# Compatibility issues betw/ Vaio laptop adapter, Linksys router & cable modem?



## jzeddy (Oct 27, 2006)

First of all, this is a great resource! I am a weekend novice, but have learned tons just by reading.

I recently purchased a Vaio TXN15 laptop with built-in Intel Pro/Wireless 3945ABG wireless adapter. My network consists of a Comcast cable modem and Linksys WRT54GX4 router. I have a desktop that is connected to the router via cable. My wife also used the network using the Airport card on her iMac. 

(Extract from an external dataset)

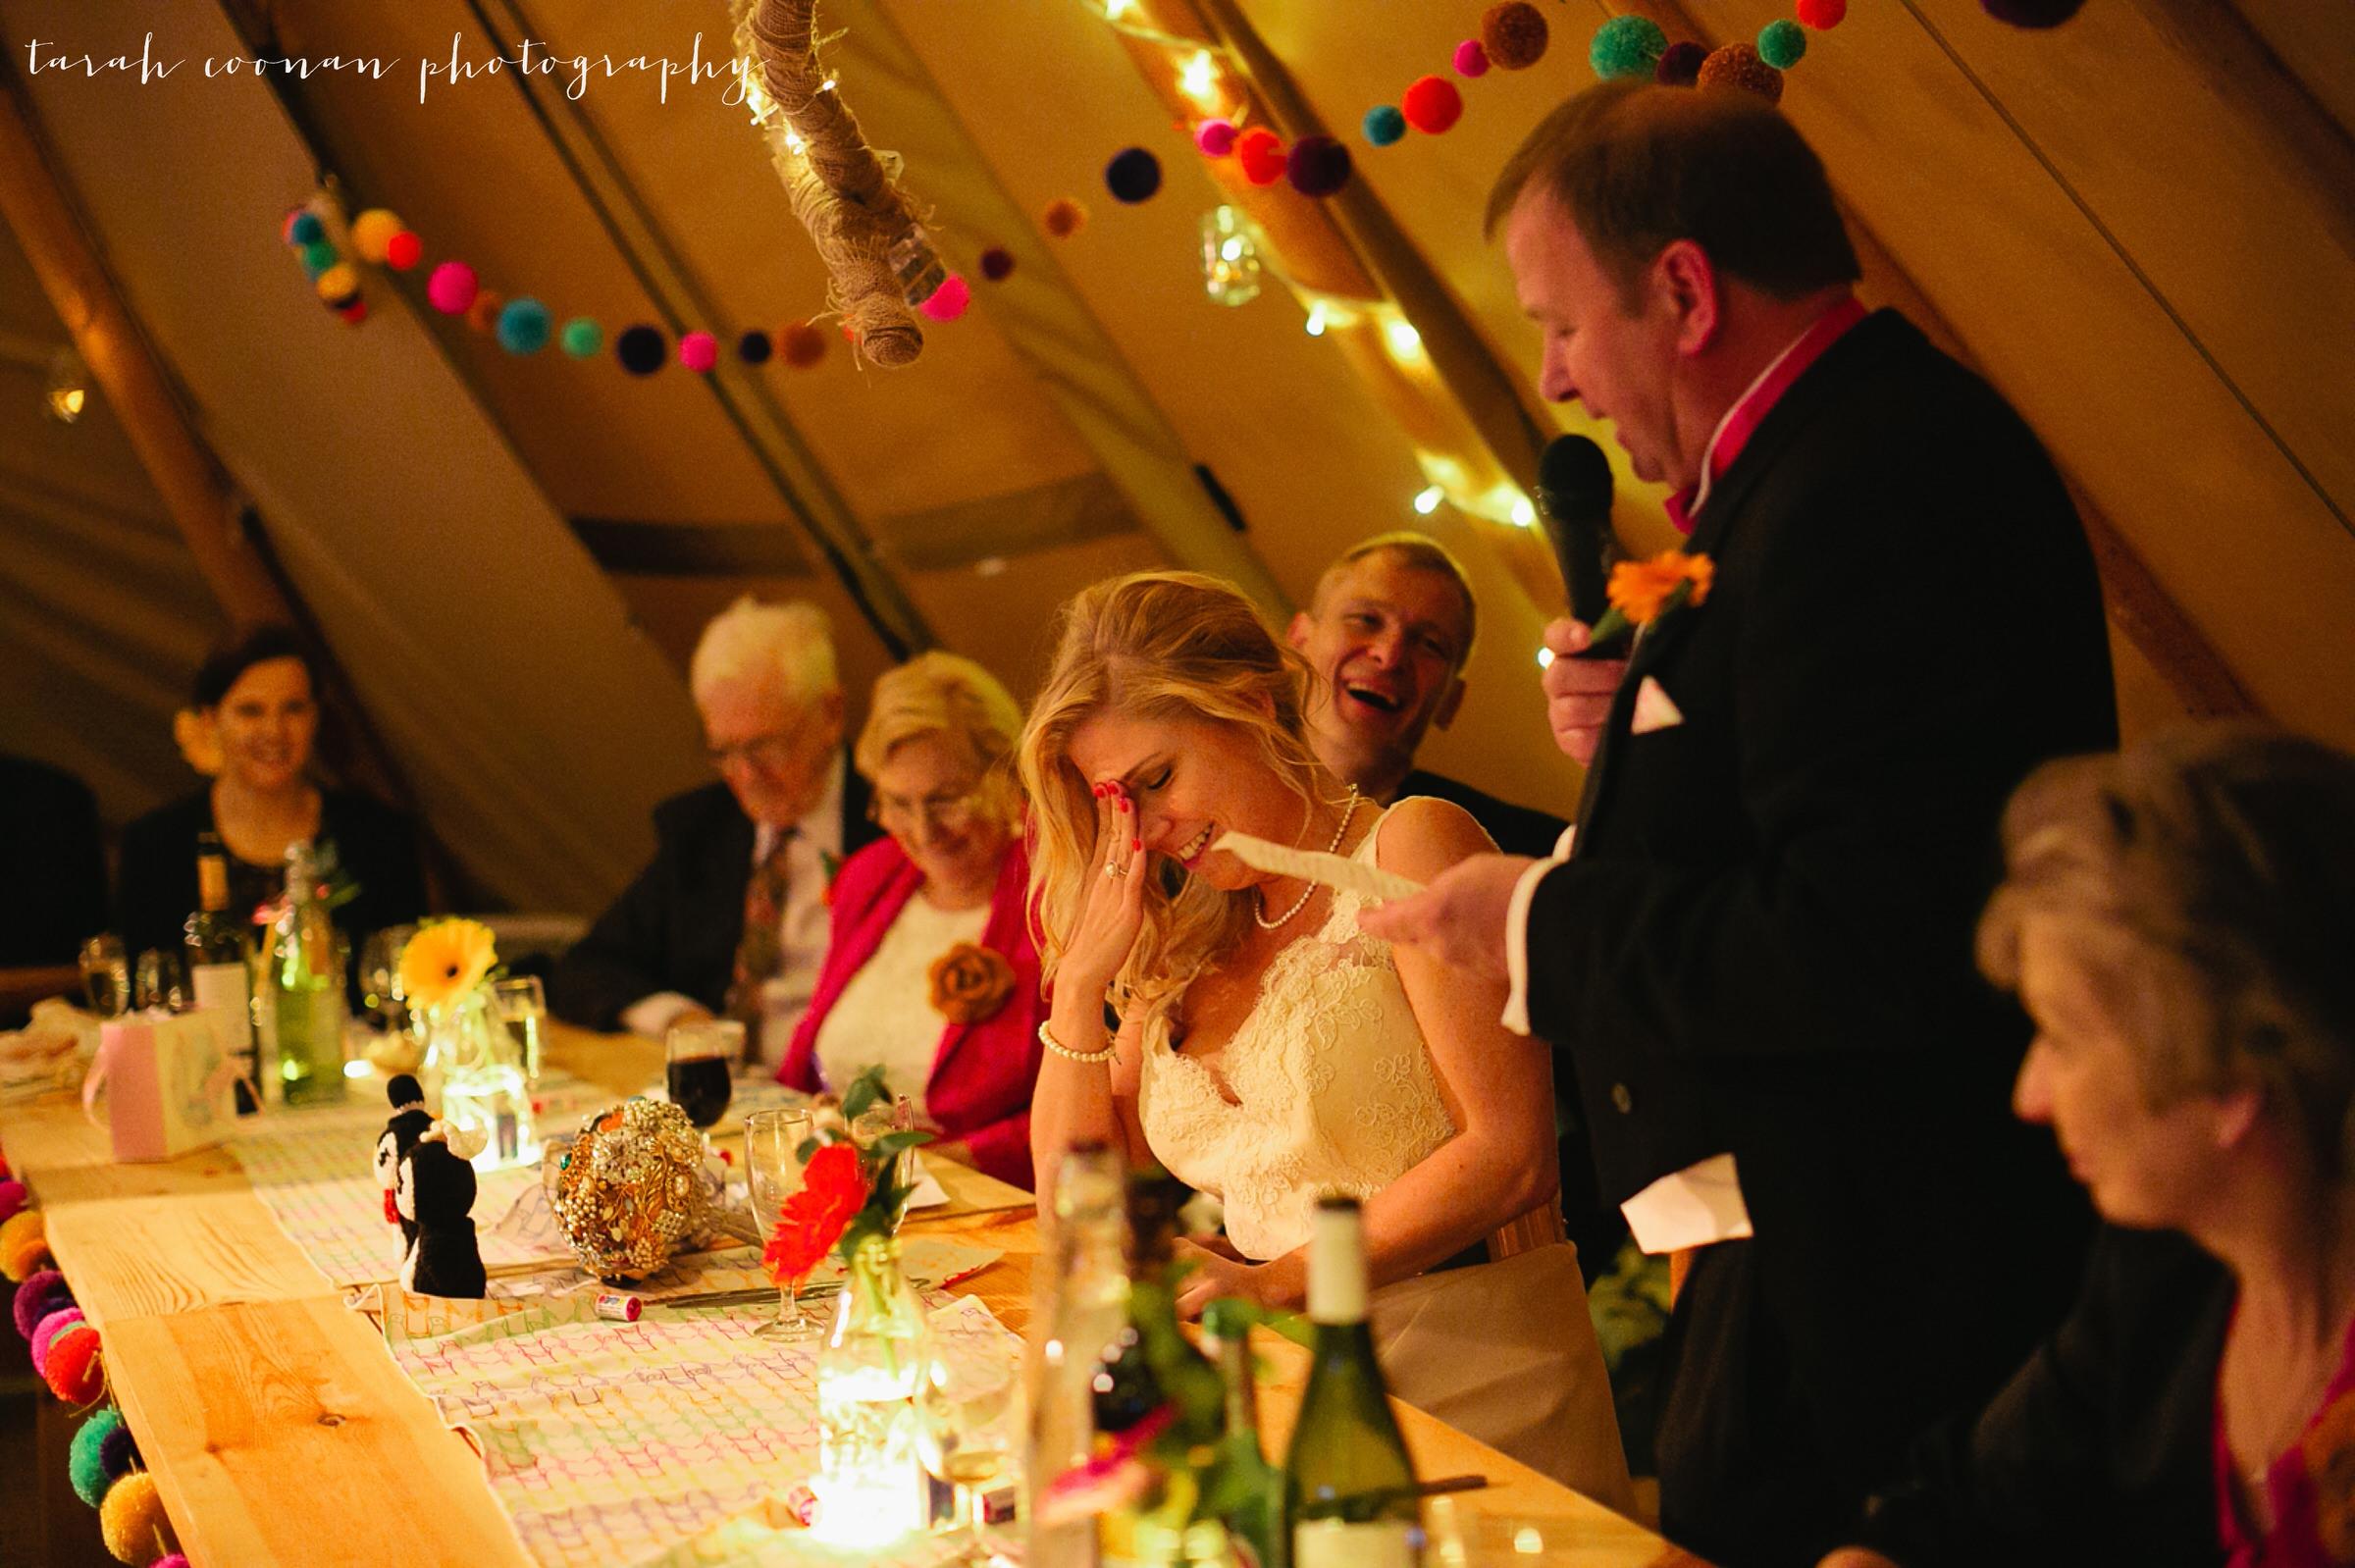 brighton-wedding-photographer86

I have had no problems with internet connectivity until now. When I turn the Vaio wireless adapter on to get onto our network, I can call up maybe two or three web pages from the internet. But, then after about a minute, both the laptop, iMac and the desktop loose their connection to the internet. On the desktop, I get the message that "the network cable is unplugged." But, I have checked and rechecked the cable and it is fine. 

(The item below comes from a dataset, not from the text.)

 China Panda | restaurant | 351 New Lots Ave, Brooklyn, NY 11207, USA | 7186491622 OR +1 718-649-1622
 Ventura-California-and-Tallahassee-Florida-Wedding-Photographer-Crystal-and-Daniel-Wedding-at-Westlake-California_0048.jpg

In order to regain my internet connection on the desktop (and the iMac), I need to reset the modem and sometimes reset the router. If I turn on the Vaio adapter again, the same thing happens. This has never happened before the Vaio. 

Is this a compatibility issue? I keep thinking that I must be configuring something incorrectly. Thanks to all for your responses.


----------



## johnwill (Sep 26, 2002)

I can't imagine how the laptop wireless is knocking everyone off the Internet, especially the cable connection. Does the wired connection recover when you turn off the Sony?


----------



## JamesO (Mar 30, 2005)

First I would check for firmware updates for your router. 

Update the firmware if needed and see how things work.

Next I would go to Intel's support site and update the driver for the Sony internal wireless card. Intel has BIG problems with the drivers for their wireless products. Usually takes them 18+ months after the product has been released to resolve most problems.

Report back with findings.

JamesO


----------



## jzeddy (Oct 27, 2006)

JamesO, you are THE MAN!:sayyes: 

Firmware upgrade on Linksys router did the trick. Bizarre that it disconnected the cable modem whenever I used the Vaio adapter.

Thanks much!


----------



## Mike7143 (Nov 20, 2006)

im having a similar problem. I have the Linksys WRT54G wireless router set up in my residence hall. I (dell), roommate(dell) and other friends (HP,E-machine) can all get onto my wireless. another friend has the sony vaio. when he joins, it connects for about 30 seconds, then kicks everyone off, including him. and this process continues until his vaio is shut off. what gives? i've updated the linksys firmware already.


----------